The federal stimulus money was supposed to give Minnesota's workforce a jolt of energy, but so far it's just a tingle.

As construction season gets into full swing, companies are starting to recall workers laid off last year. But even some companies that are beneficiaries of the new federal spending say they're unlikely to recall all their laid-off workers -- and less likely to hire new ones.

Minnesota got about $3 billion in stimulus money under the American Recovery and Reinvestment Act of 2009, including $502 million for road construction and $107 million for municipal drinking water or waste treatment facilities. All that spending must be in the works within a year.

"We've picked up two road construction projects funded by the stimulus money, on Hwy. 169 in Onamia and St. Peter," said Brad Mattson, corporate secretary of Shafer Contracting in Shafer, Minn. "We hope this gets us through 2009, because the economic forecasts for 2010 are more promising."

But Shafer Contracting probably won't need more than 40 or 50 additional workers for the stimulus-funded highway projects, and those would be drawn from a pool of 100 workers the firm employed last year but hasn't needed in 2009.

That contrasts with favorable forecasts about how the stimulus should work. The Minnesota Department of Transportation has $375 million to spend on state highways and bridges (the rest of the highway money is shared with counties and cities), and for every $1 million spent on road or bridge construction, 28 to 34 jobs should be created, said Tim Worke, highway division director for Associated General Contractors of Minnesota, a trade association based in St. Paul.

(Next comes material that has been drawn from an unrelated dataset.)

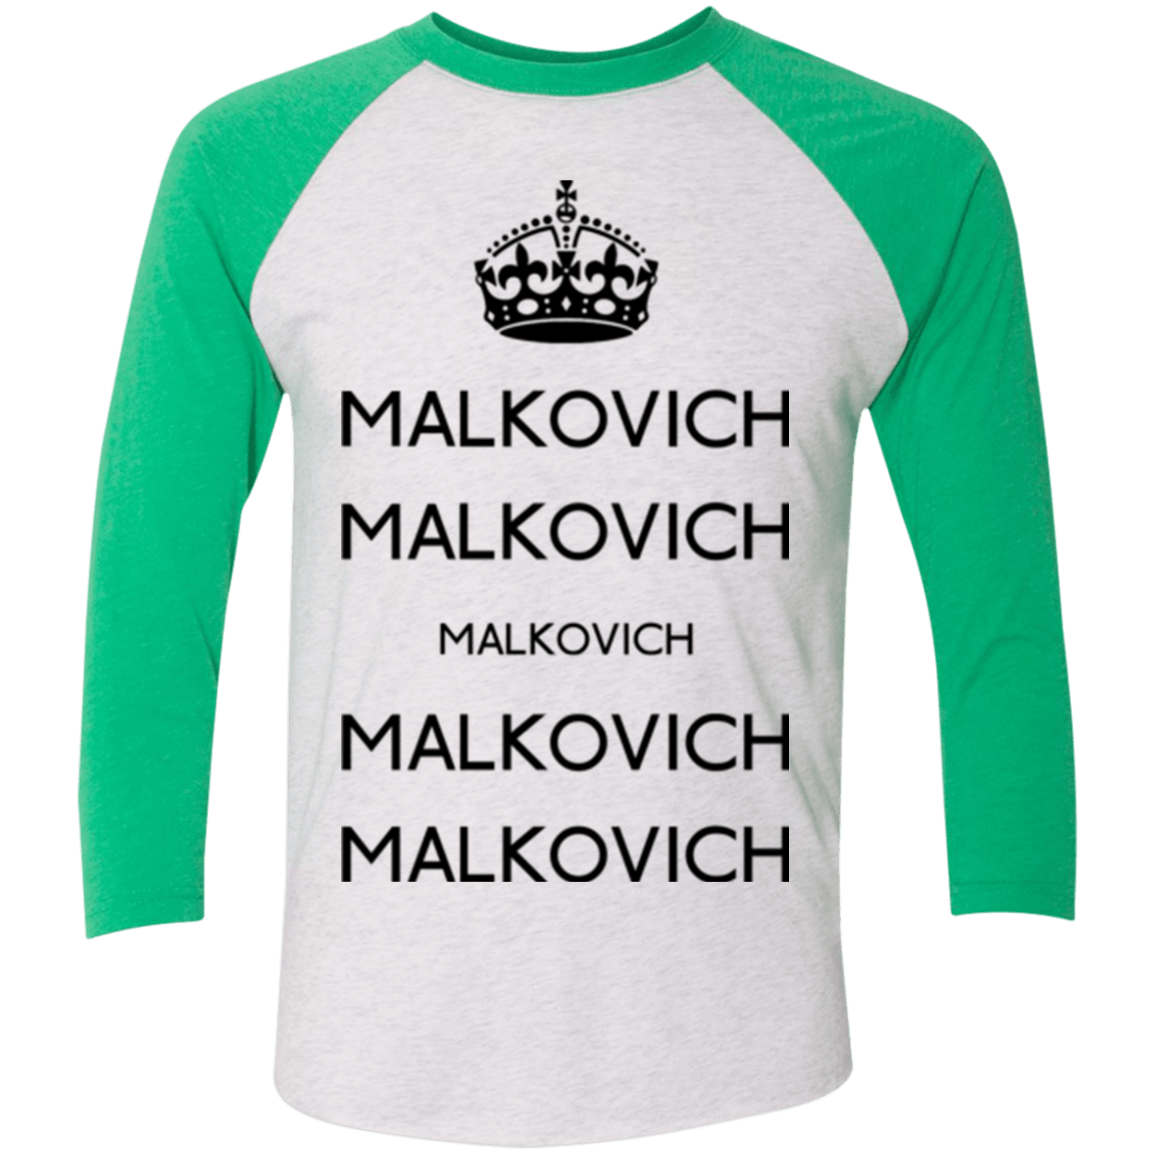 T-Shirts Heather White/Envy / X-Small Keep Calm Malkovich Men's Triblend 3/4 Sleeve

"But the road construction market has been depressed for a long time, and most companies have laid-off workers they would be calling back to work," Worke said. "It wouldn't be until after the established crews are back that they'd look at hiring any new seasonal employees."

It's a similar story at Rice Lake Construction in Deerwood, Minn., which says it won't hire new workers to renovate a Montevideo, Minn., wastewater treatment facility that is entirely backed by about $15 million worth of federal stimulus loans and grants.

Because the Montevideo project -- the largest of the four state freshwater and wastewater projects to get stimulus money so far -- was already in the planning stages using traditional city financing, Rice Lake Construction won't need any more workers just because the financing was switched to federal stimulus money.

"The stimulus is stemming the loss of jobs, putting a floor under it to some extent. But it's not really picking us up," said Luke Spalj, Rice Lake Construction's chairman.

Part of the problem is that only 10 to 20 percent of the Montevideo project's cost goes toward labor, he said. The other 80 to 90 percent goes to purchase heavy equipment. That means if new jobs are created by the stimulus-backed wastewater project, they are more likely to be at the non-Minnesota company that manufactures the heavy equipment than at his Minnesota-based construction firm.

Because Rice Lake Construction has about 40 percent fewer workers than it did last year, if additional employees are needed, "all we could do is call back people who were laid off," Spalj said.

But the hiring story looks better for some other companies, such as Ulteig Engineers, a North Dakota company with a large Twin Cities office that is hiring a modest number of new workers.

Ulteig does a lot of site preparation and design work for wind-generated electric power projects. Because the stimulus includes renewable energy credits, it has created enough confidence among customers to prevent wind power projects from being canceled, said Brian Long, the firm's chief development officer, who is based in Fridley. As a result, 420-employee Ulteig has hired about 50 employees this year. Ulteig has about 120 Twin Cities employees working on wind generator, city road and public utility projects.

"Some of these energy projects are being tided over by the stimulus," Long said. "We're adding people because we anticipate getting more business after the stimulus is over."